▸ Exercise objective: Using the listing below, print the line containing "20 Waltzes（Last Waltzes) D.14）钢琴曲谱（图11）", the line containing "Custom Office Furniture Shop in Saudi Arabia", and each line between them, exactly and nothing else. Pictures stay out of the print.

#### Source material

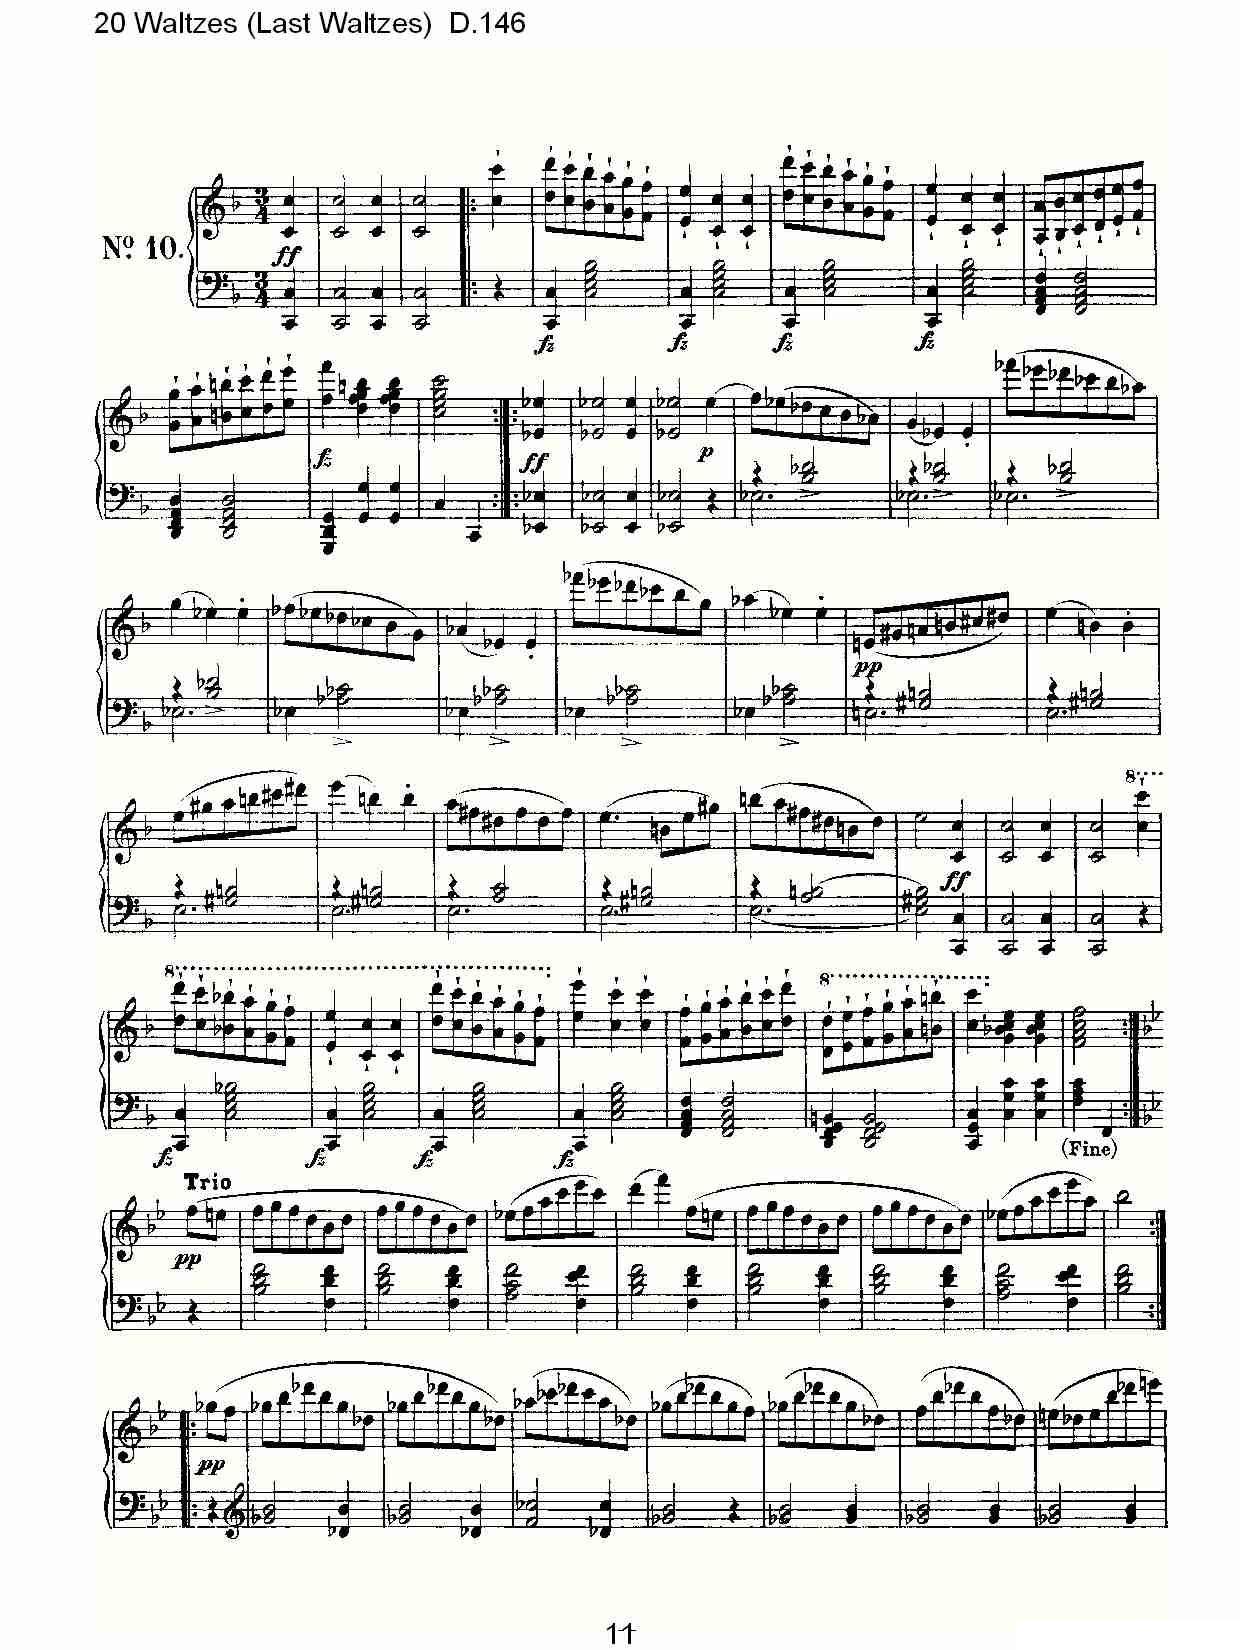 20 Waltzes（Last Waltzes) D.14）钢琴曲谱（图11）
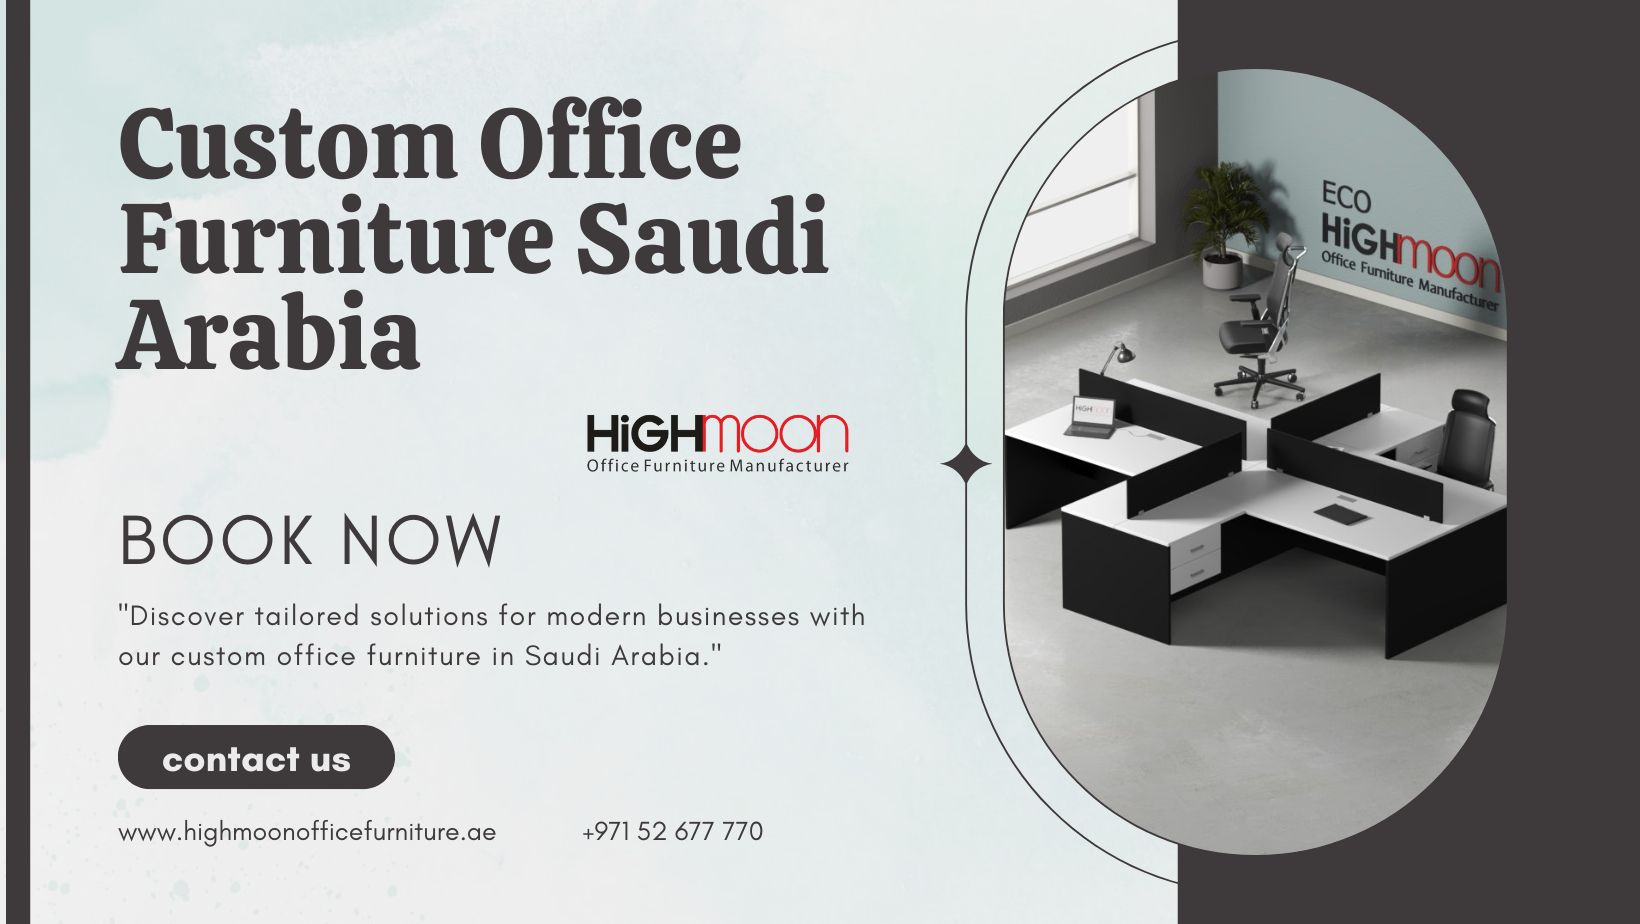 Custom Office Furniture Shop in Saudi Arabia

########
#### Source material

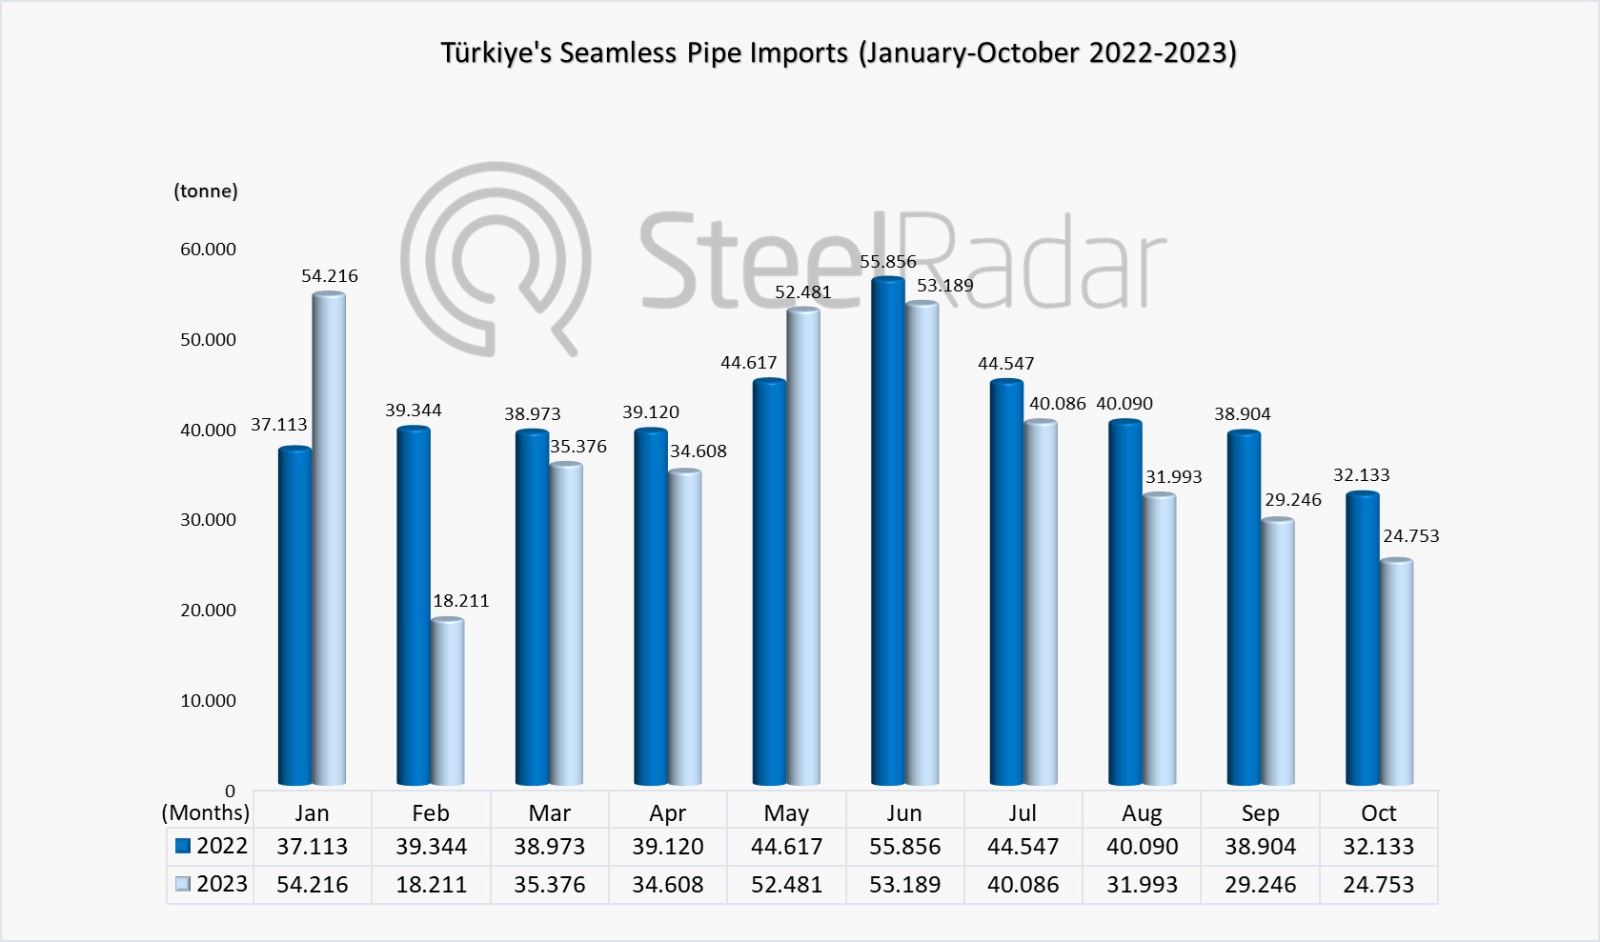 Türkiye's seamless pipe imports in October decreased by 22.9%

########

▸ Expected output:
 20 Waltzes（Last Waltzes) D.14）钢琴曲谱（图11）
 Custom Office Furniture Shop in Saudi Arabia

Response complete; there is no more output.